Thursday’s Child by Noel Streatfield
Margaret had been discovering all her life that grownups were disappointing conversationalists.

*Skating Shoes (same) One of the “Shoes” books, and my favorite. Figure skating, need I say more? (oh, and it’s mentioned in You’ve Got Mail, and it’s out of print)

7 comments:

Hope said...

The book "Baby is one of my all time favourites.

Joke said...

Wind in the Willows! I love that one!

Good list, and I like your format!

-J.

BabelBabe said...

ack! How can ballet shoes NOT be your favorite?! And I thought I was the only person who'd ever read The Treasure is the Rose. And WITW? Awesome book, also on my list.

Sarah Louise said...

Ballet shoes *is* up there, but I don't own it, which was a big factor in "is it required?" (Also, I already had two Noel Streatfield books on the list...and so many of them are out of print...) For those folks who wonder, a * means I DON'T own it, or did, but the copy was an illegal strip copy from when I worked at B&N and I have since purged my library of these. (A strip copy is when a bookstore has too many pulp fictions and tears off the cover to let the publisher know that the book didn't sell. It's more cost effective to mail them the covers than to mail them the cheaply made books. If you work at said bookstore, you can then --but you're not supposed to-- it's one of those murky issues --take the book home.) What burns me more than the sales of advanced readers copies (which burns me) is going to a yard sale and there are strip books for sale. I mean, that's just WRONG. Okay, off the soap box and back to cataloguing...

Sarah Louise said...

And BB, I thought *I* was the only one who'd ever read The T is the R!! And Hope, Baby is one of my absolute favorites--I may have a chance to see Patricia M. at a conference this spring...

Heidi8 said...

Hi- I just decided to google Marjorie Malcolm Scott while arranging my books into my 19 month old daughter's room and your blog was one of the three entries that came up. Do you still read comments posts that are this old?

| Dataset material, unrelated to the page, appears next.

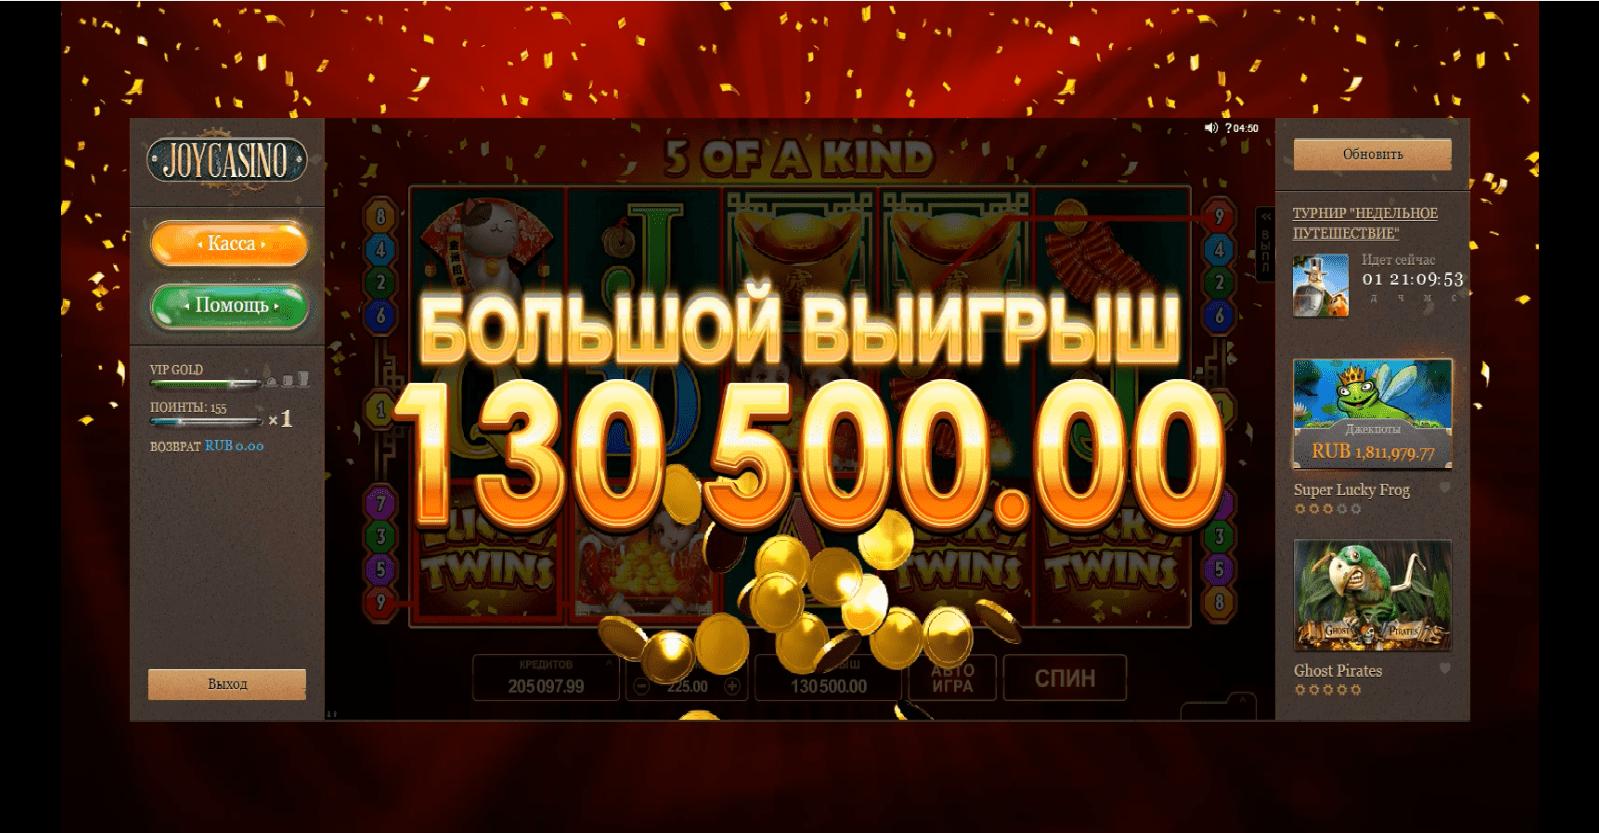 джой казино на деньги

One of the things I've always loved online is finally finding other people who've read and enjoyed the books I grew up loving. Yes, I had friends who read Nancy Drew and Little House, and Judy Blume. But not Shona, or All Of A Kind Family, or The Real Me or Ellen Conford. And even via google it's sometimes hard ot find fans of the more obscure ones. Thanks for mentioning it!

Sarah Louise said...

Ellen Conford rocks!! Glad you liked my list, Heidi Eight!